Three forces act on a point 30N at 0°, 40N at 90° , and 50N at 217°
I) illustrate on a vector diagram
ii) what is the net force
I) To illustrate the forces on a vector diagram, we will start by drawing a coordinate system.
iii) Label the x-axis as horizontal and the y-axis as vertical.
iii) Draw a vector with a length of 30 units in the positive x-direction (0°) and label it as 30N.
iiii) Draw a vector with a length of 40 units in the positive y-direction (90°) and label it as 40N.
iiii) Draw a vector with a length of 50 units at an angle of 217° between the negative x-axis and the vector and label it as 50N.
Note: To draw the vector at 217°, start from the negative x-axis and rotate in the clockwise direction by 37°.
ii) The net force is the vector sum of the three forces. To find the net force, we can add the three vectors in the x and y directions separately.
In the x-direction:
- The 30N force has an x-component of 30N * cos(0°) = 30N * 1 = 30N.
- The 50N force has an x-component of 50N * cos(217°) = -50N * (-0.459) = 22.95N.
The net force in the x-direction is 30N + 22.95N = 52.95N (approximately).
In the y-direction:
- The 40N force has a y-component of 40N * cos(90°) = 0N.
- The 50N force has a y-component of 50N * sin(217°) = 50N * (-0.888) = -44.4N.
The net force in the y-direction is 0N + (-44.4N) = -44.4N.
The net force can be found using the Pythagorean theorem where the magnitude of the net force is the square root of the sum of the squares of the x and y components.
Net force = √(52.95N^2 + (-44.4N)^2)
Net force = √(2800.7025N^2 + 1971.36N^2)
Net force = √(4772.0625N^2)
Net force ≈ 69N.
So, the net force is approximately 69N.
I) To illustrate the forces on a vector diagram, we can represent each force as an arrow with its magnitude and direction.
1) The first force, 30N at 0°, can be represented as an arrow of length 30 units pointing to the right (east).
2) The second force, 40N at 90°, can be represented as an arrow of length 40 units pointing upward (north).

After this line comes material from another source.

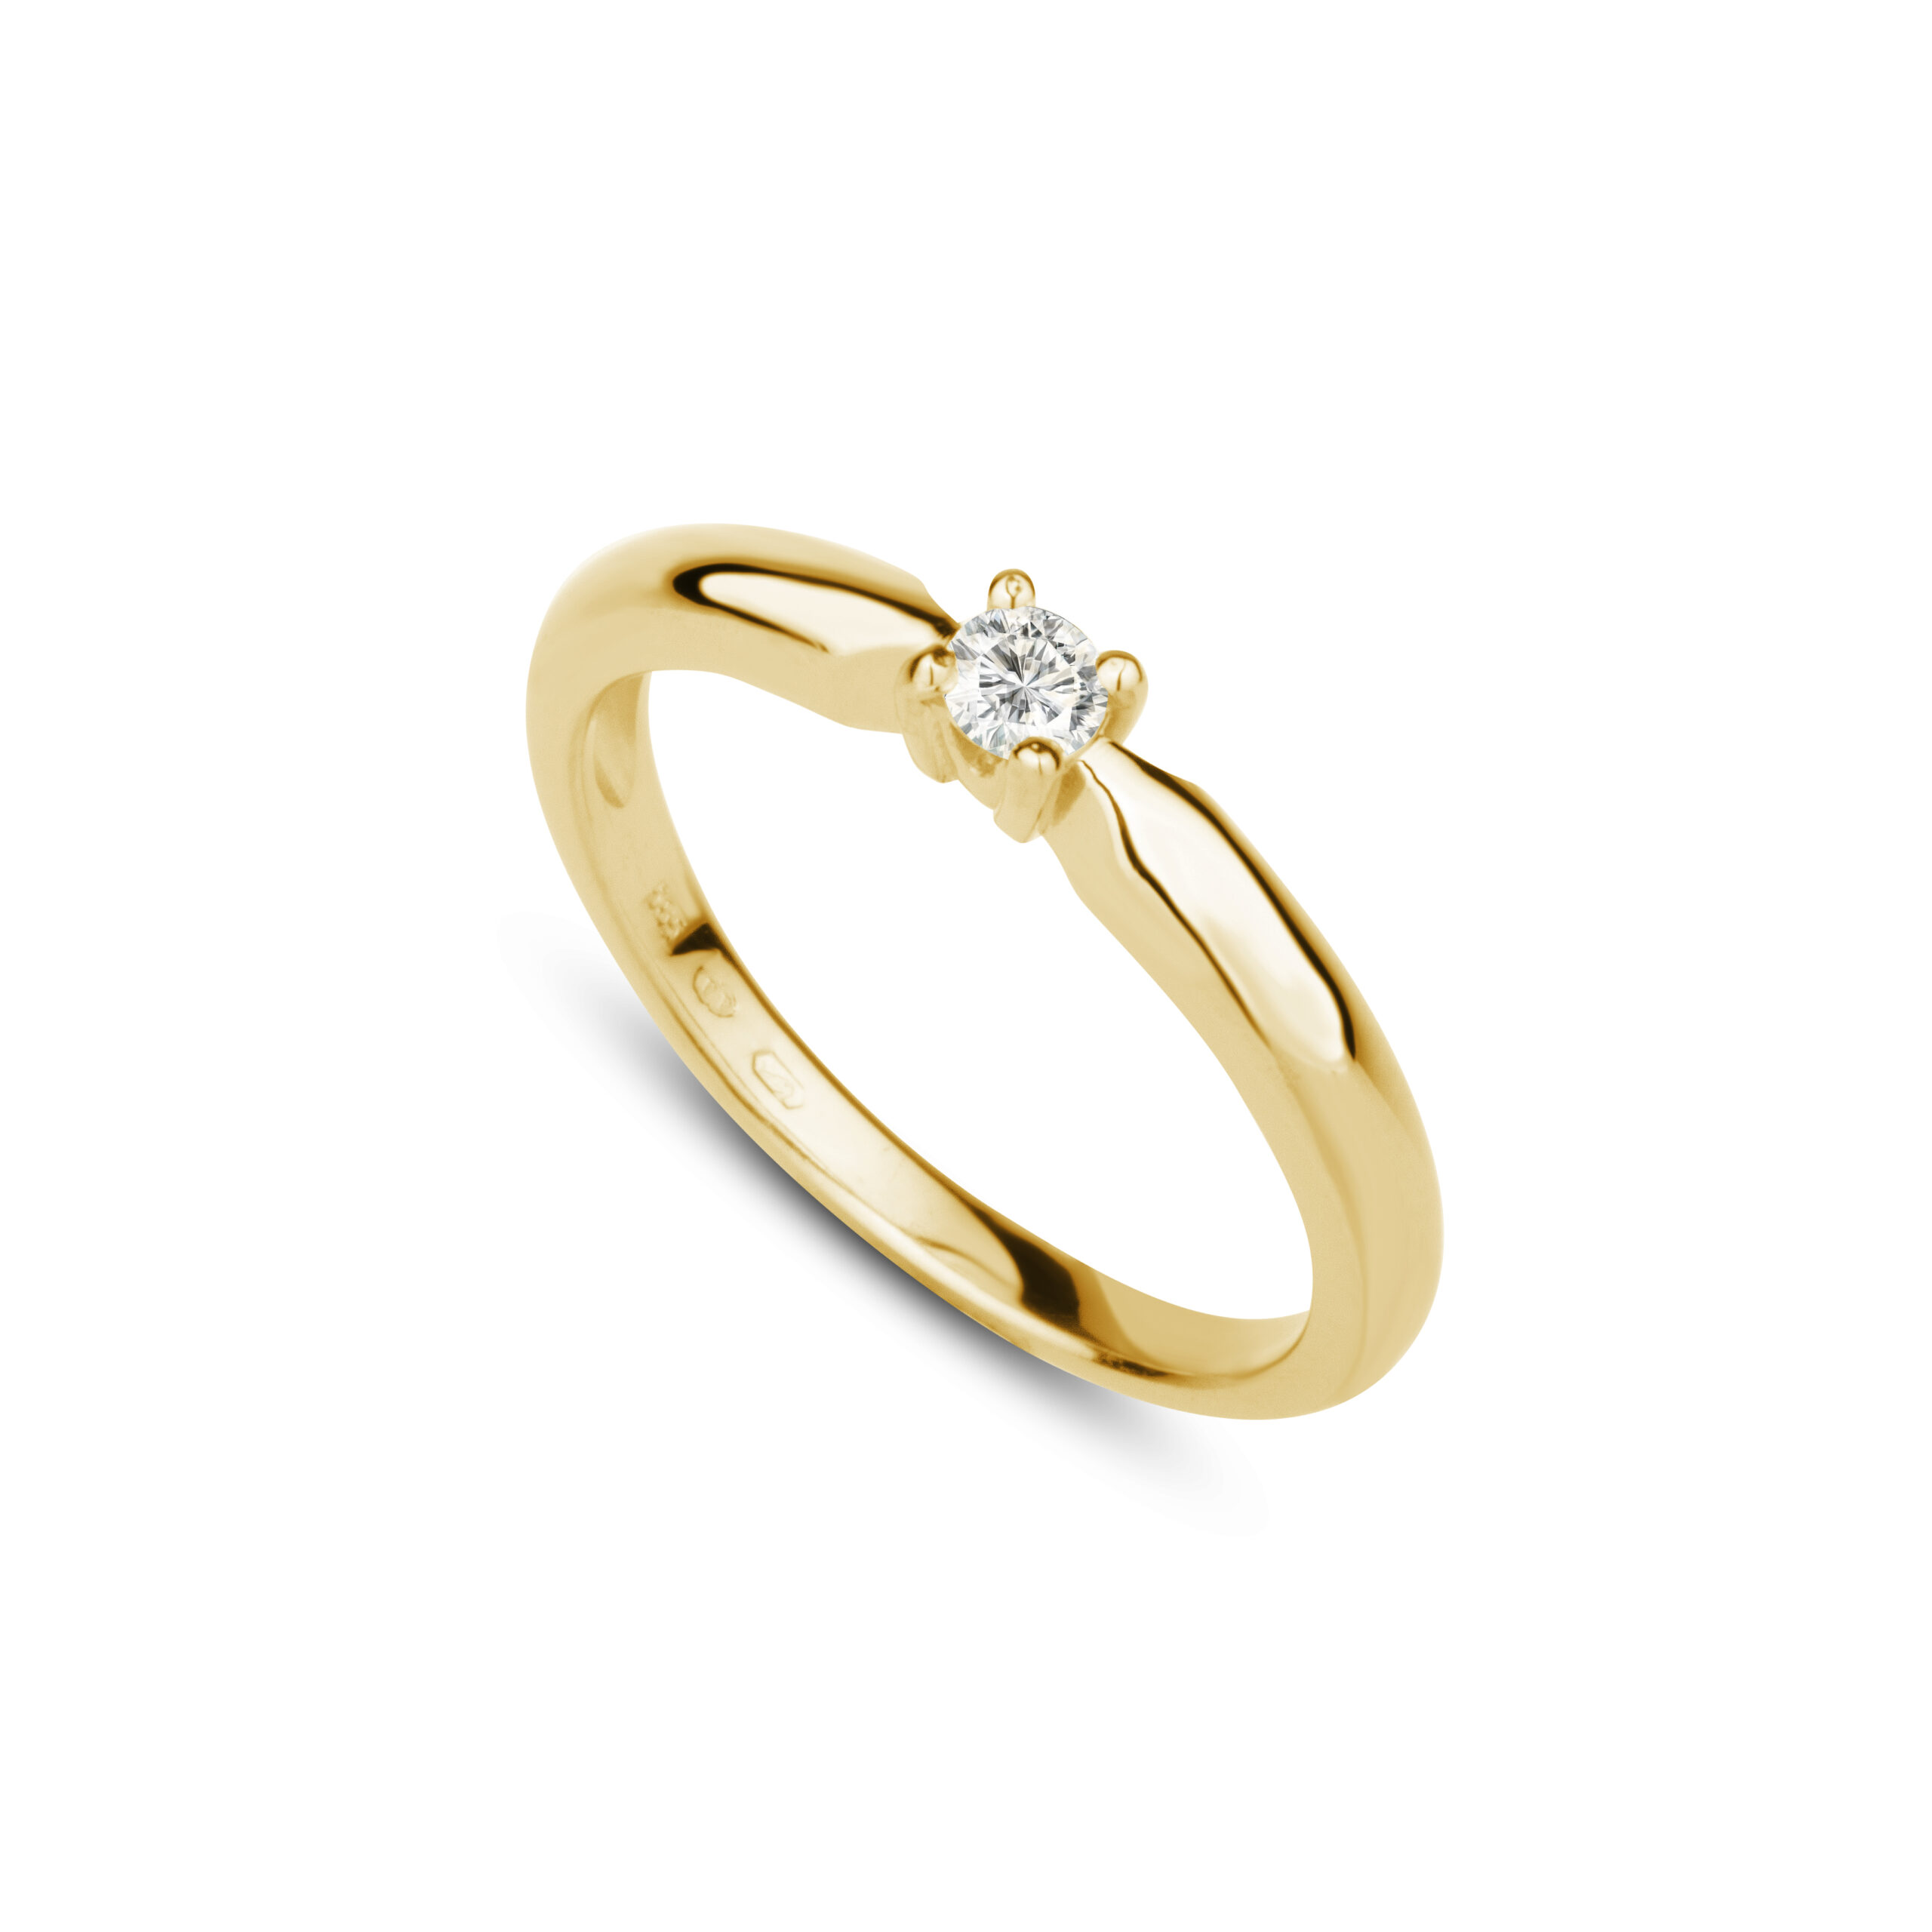 Zásnubní prsten značky FOX® 20 ze žlutého zlata, který je osazený jedním centrálním diamantem briliantového brusu. poloprofil

3) The third force, 50N at 217°, can be represented as an arrow of length 50 units at an angle of 217° from the positive x-axis.
Now, we can draw these arrows on a graph, keeping in mind the scales for length and angles.
II) To find the net force, we need to calculate the resultant of the three forces.
To do this, we first resolve each force into its horizontal and vertical components:
1) The first force, 30N at 0°, has a horizontal component of 30N * cos(0°) = 30N * 1 = 30N and a vertical component of 30N * sin(0°) = 30N * 0 = 0N.
2) The second force, 40N at 90°, has a horizontal component of 40N * cos(90°) = 40N * 0 = 0N and a vertical component of 40N * sin(90°) = 40N * 1 = 40N.
3) The third force, 50N at 217°, has a horizontal component of 50N * cos(217°) = -50N * 0.697 = -34.85N (approximately) and a vertical component of 50N * sin(217°) = 50N * 0.717 = 35.85N (approximately).
Now, sum up the horizontal and vertical components of the forces:
Horizontal component: 30N + 0N - 34.85N = -4.85N (approximately).
Vertical component: 0N + 40N + 35.85N = 75.85N (approximately).
Using the Pythagorean theorem, we can find the magnitude of the net force:
Net force = (horizontal component)^2 + (vertical component)^2
= (-4.85N)^2 + (75.85N)^2
= 23.52N^2 + 5742.02N^2
= 5765.54N^2
Taking the square root of 5765.54N^2, we get approximately 75.94N.
Therefore, the net force acting on the point is approximately 75.94N at an angle of atan(75.85N / -4.85N) = -86.23° (approximately) from the positive x-axis.